Records shown –
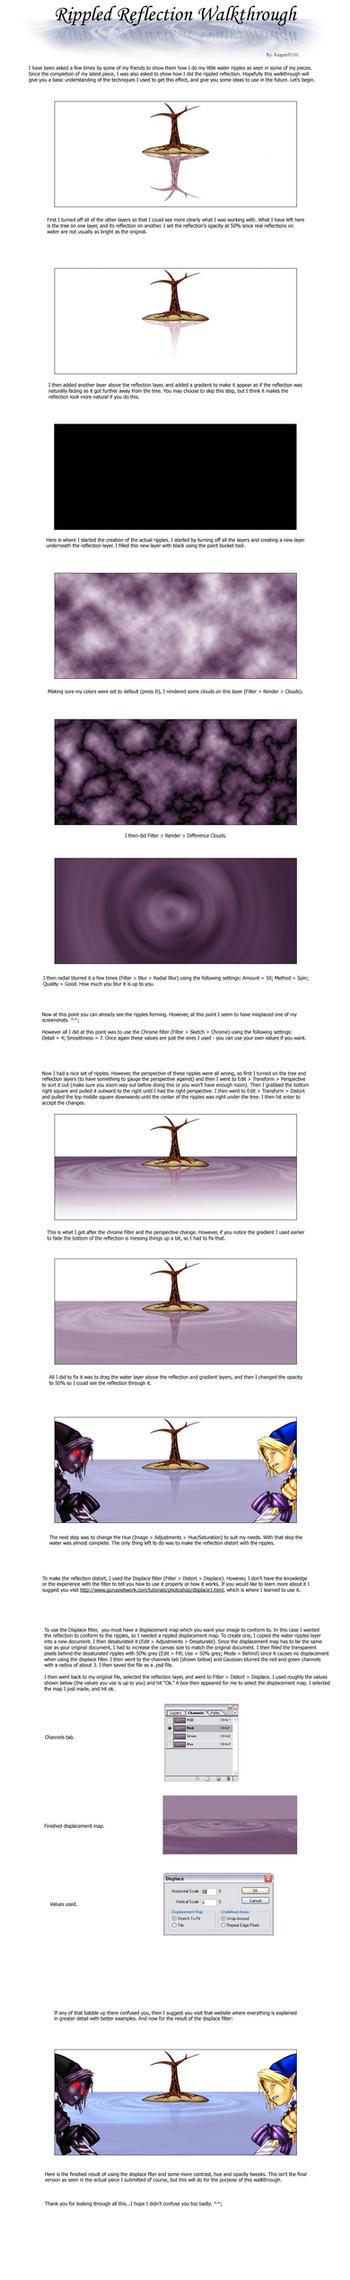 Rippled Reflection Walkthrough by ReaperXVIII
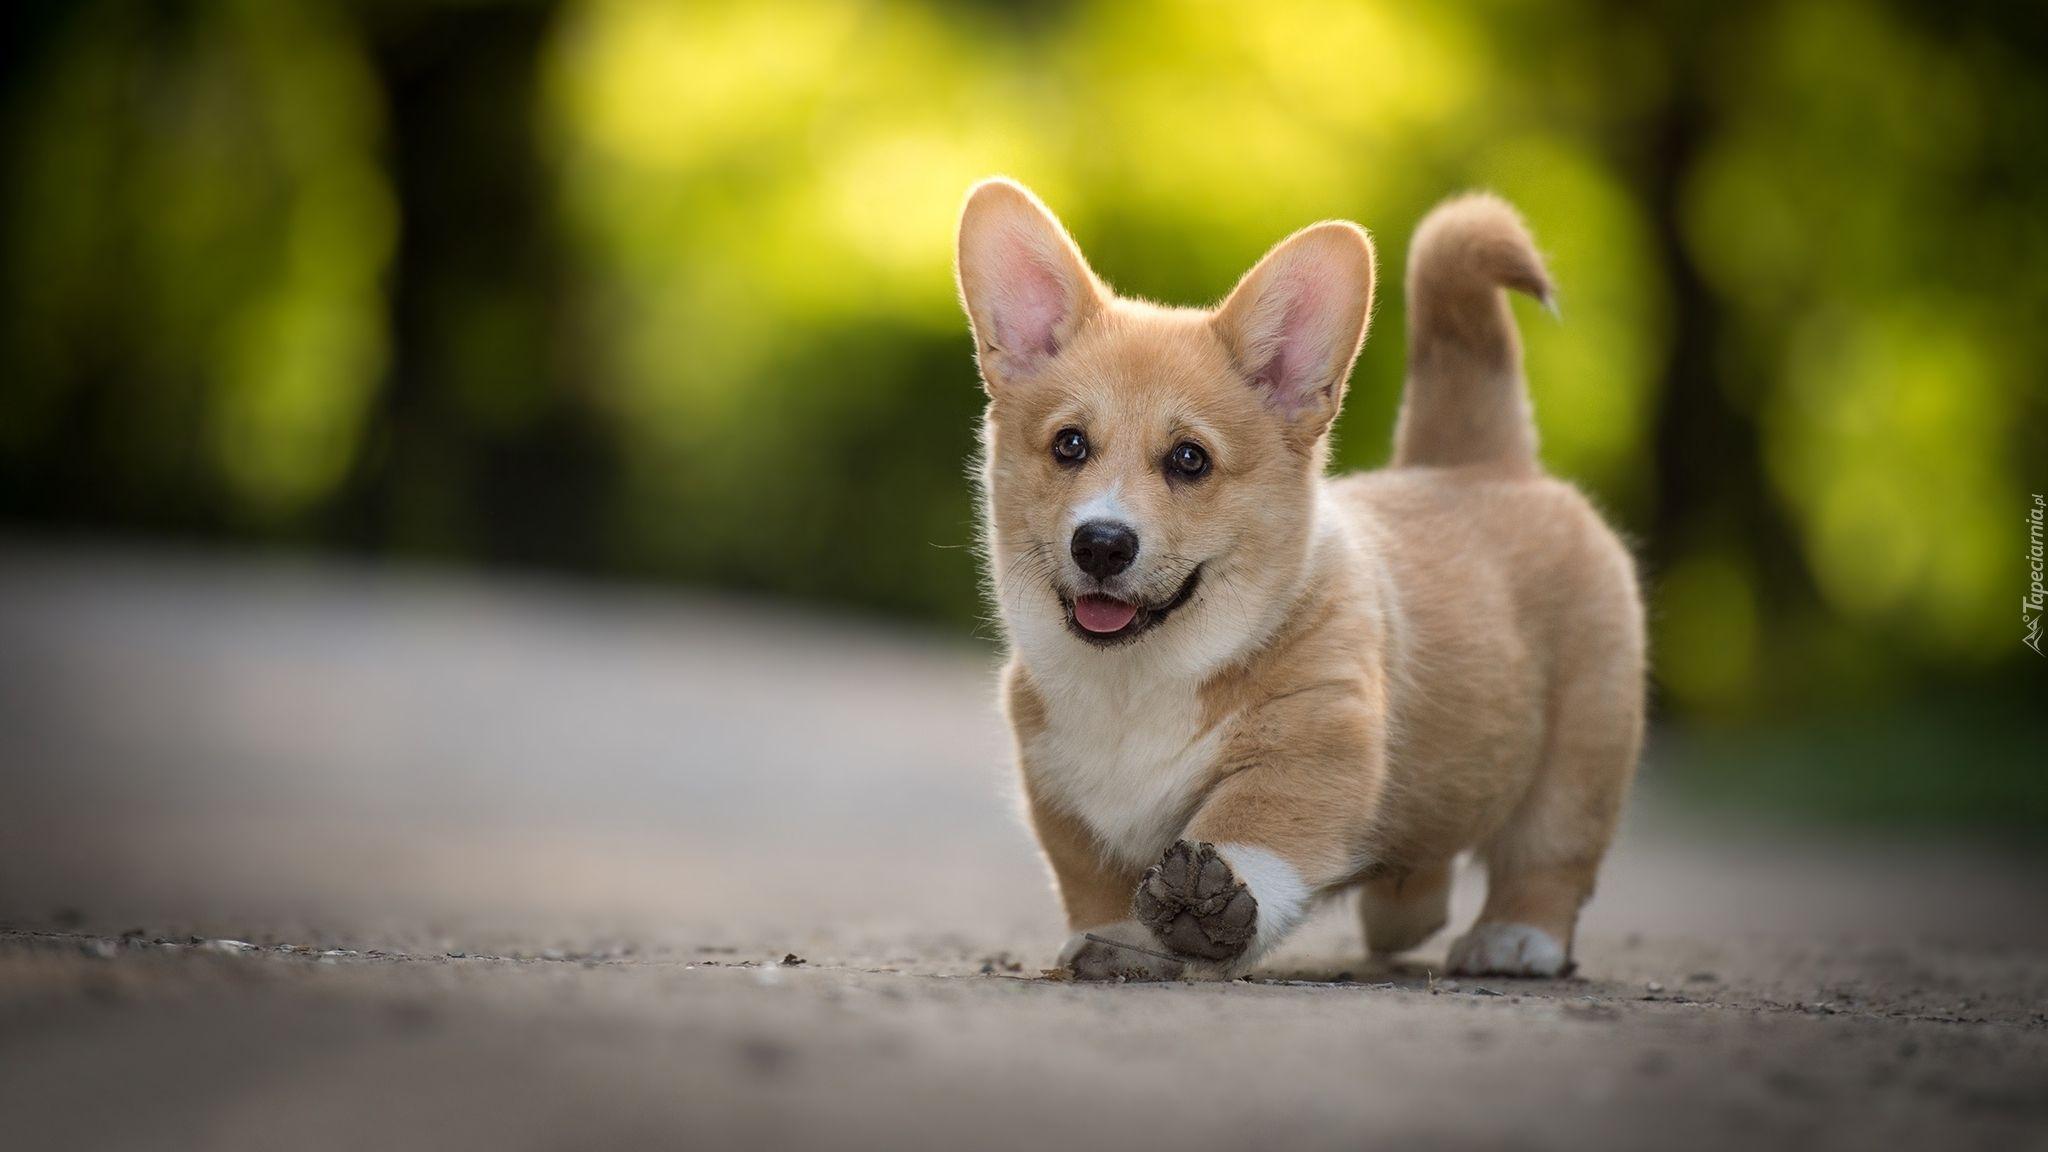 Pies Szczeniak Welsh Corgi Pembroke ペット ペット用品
...
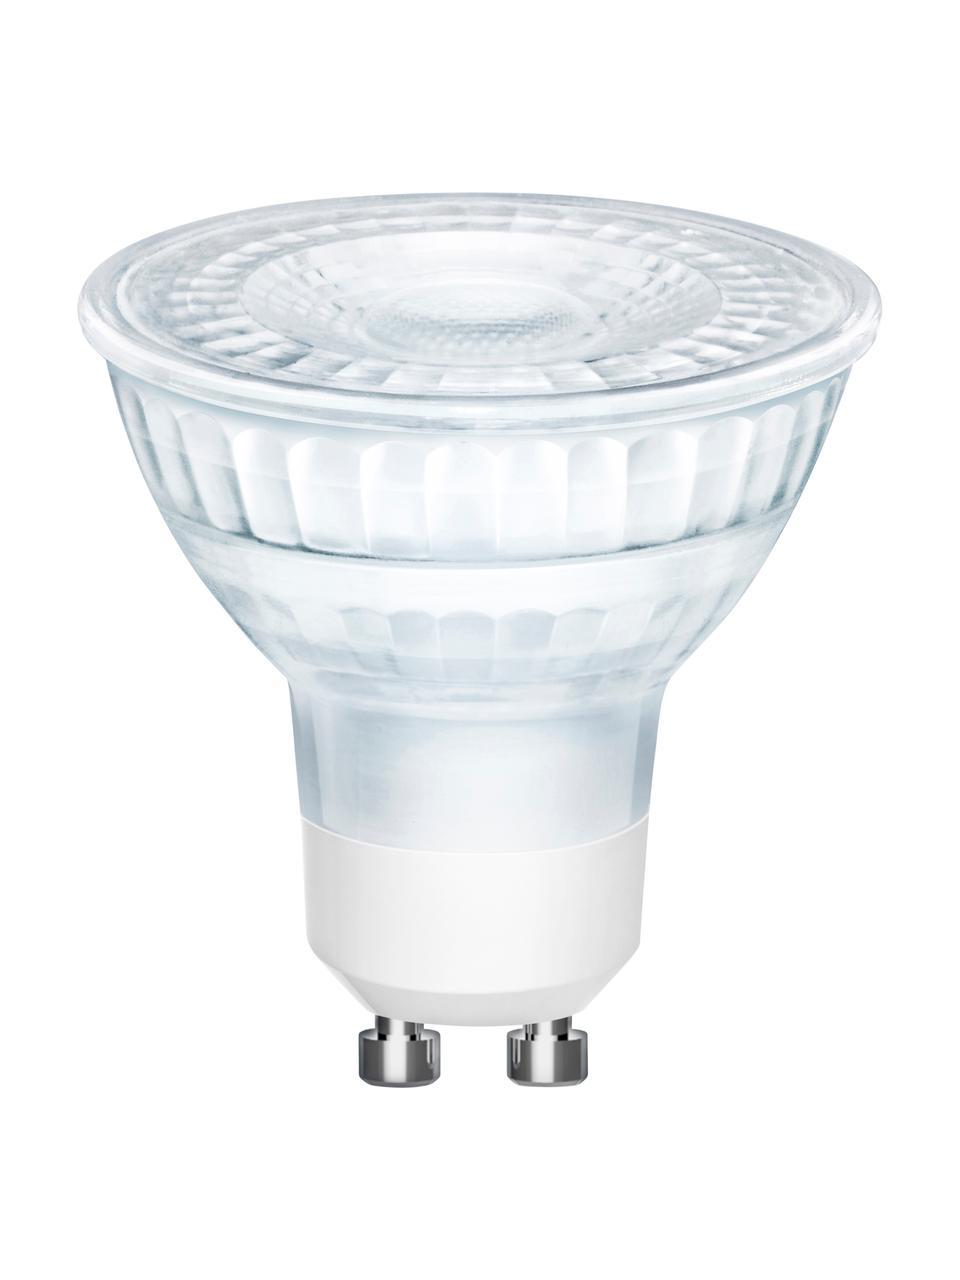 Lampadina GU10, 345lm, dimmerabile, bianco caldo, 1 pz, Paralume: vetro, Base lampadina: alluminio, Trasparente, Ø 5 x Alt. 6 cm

Work instructions – Of the lines above, copy only those from the one holding "Rippled Reflection Walkthrough" to the one holding "Pies Szczeniak Welsh", both included, and exclude every image.

Problem solution –
 Rippled Reflection Walkthrough by ReaperXVIII
 Pies Szczeniak Welsh Corgi Pembroke ペット ペット用品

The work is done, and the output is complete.